In 80% of cases of all cases, asthma attacks are triggered by viruses. Yet, they can also be triggered by allergens such as dust mites, pollen, fungal spores and pet dander. Inhaling these substances brings on the asthma symptoms associated with allergic asthma.
The airways become hypersensitive to the allergens and as a consequence, they are flooded with mucus and the muscles around them tighten. The immune system also overreacts with the invasion of eosinophils and overproduction of IgE creating a chronic state of inflammation. It is generally thought that T helper type 2 (Th2) cells are responsible for the initiation, progression and persistence of the disease because of the panel of cytokines which are secreted and capable of mediating this inflammatory network.
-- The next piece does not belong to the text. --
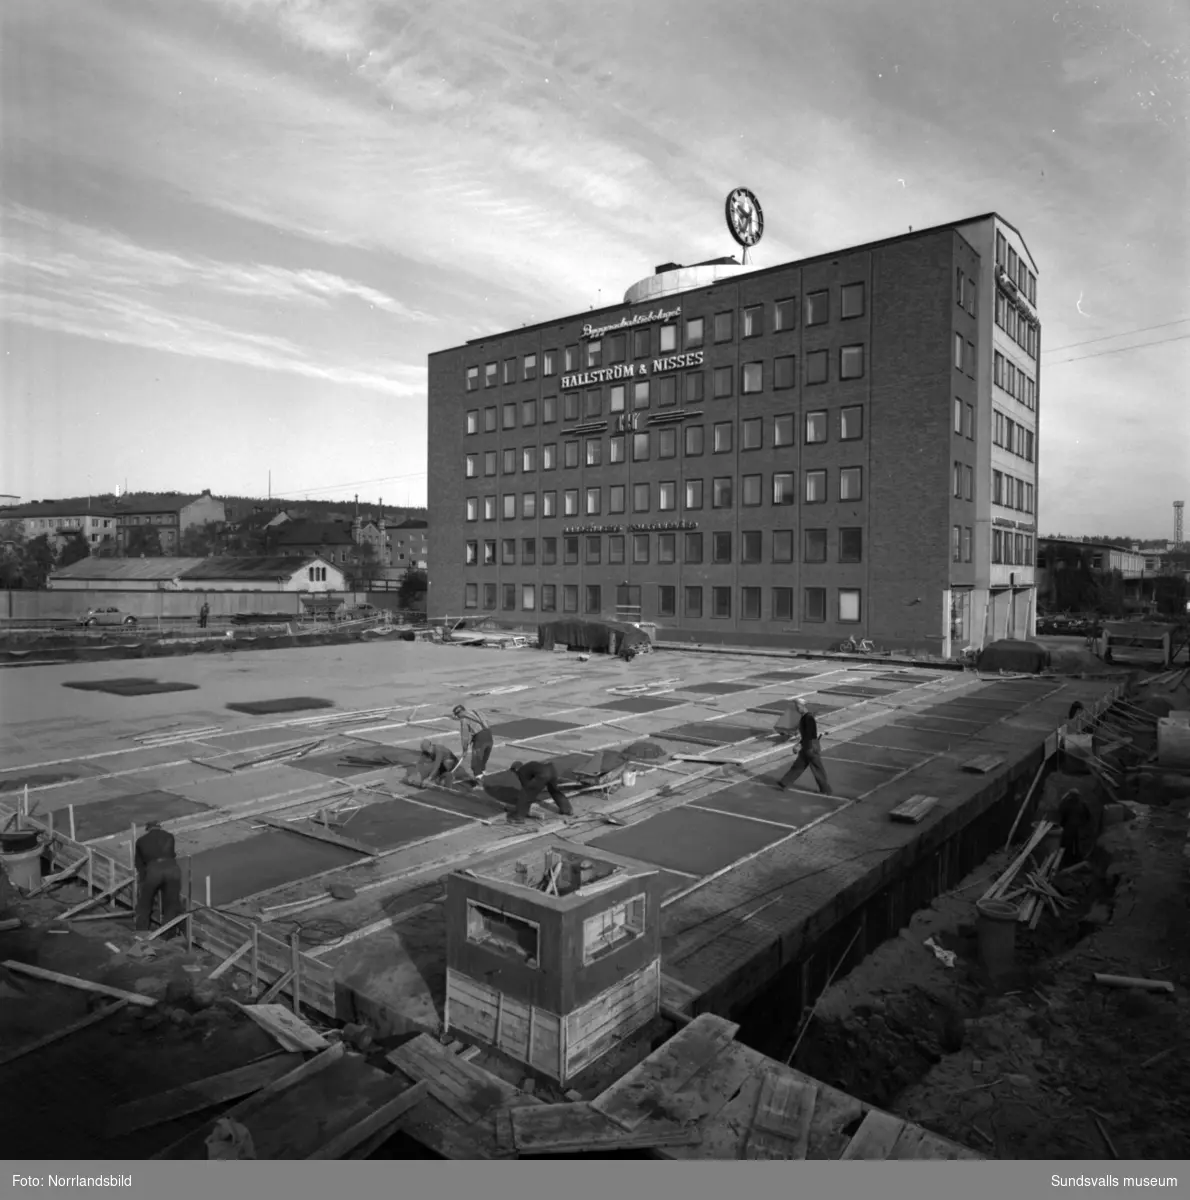 Hallström & Nisses bygger ut huvudkontoret vid Landsvägsallén i vinkel mot Parkgatan. Mark- och grävarbeten är i full gång.

Fortunately, not all individuals develop allergies upon exposure to allergens. Some patients just become immune to it following chronic exposure. In their publication in Mucosal Immunology, Dr. Faustino and colleagues from the Department of Immunology at the University of Sao Paulo tried to shed some light on this phenomenon and address some preconceived ideas. Using a well-characterized murine model sensitized to ovalbumin (OVA) to study the effects of chronic intranasal allergen challenges, they demonstrated that the reduction of allergic inflammation was restricted to the lung following long-term allergen challenges. Various studies that based their results on such a model saw a direct correlation between this resolution and the presence of regulatory T (Treg) cells, regulatory B cells and TGF-β1-expressing macrophages. However, they never really looked at the contribution of each one of these populations in the regulation of the immune response. Faustino et al. determined that a positive response to chronic exposure was not due to the presence of Treg cells and associated suppressive cytokines but was rather a consequence of the death by apoptosis of leukocytes. Apoptosis has a critical role in the maintenance of homeostasis and its inhibition was shown to restore allergic airway inflammation. Using an anti-TRAIL blocking antibody, they demonstrated that the TRAIL pathway of apoptosis was associated with the resolution of allergic lung inflammation and that treatment with Enzo’s SuperKillerTRAIL following acute OVA exposure significantly reduced the number of inflammatory cells (both Th2 cells and eosinophils). The authors suggest that TRAIL-mediated apoptosis is key in the attenuation of allergic airway inflammation and could have a huge impact on patients suffering from allergic asthma.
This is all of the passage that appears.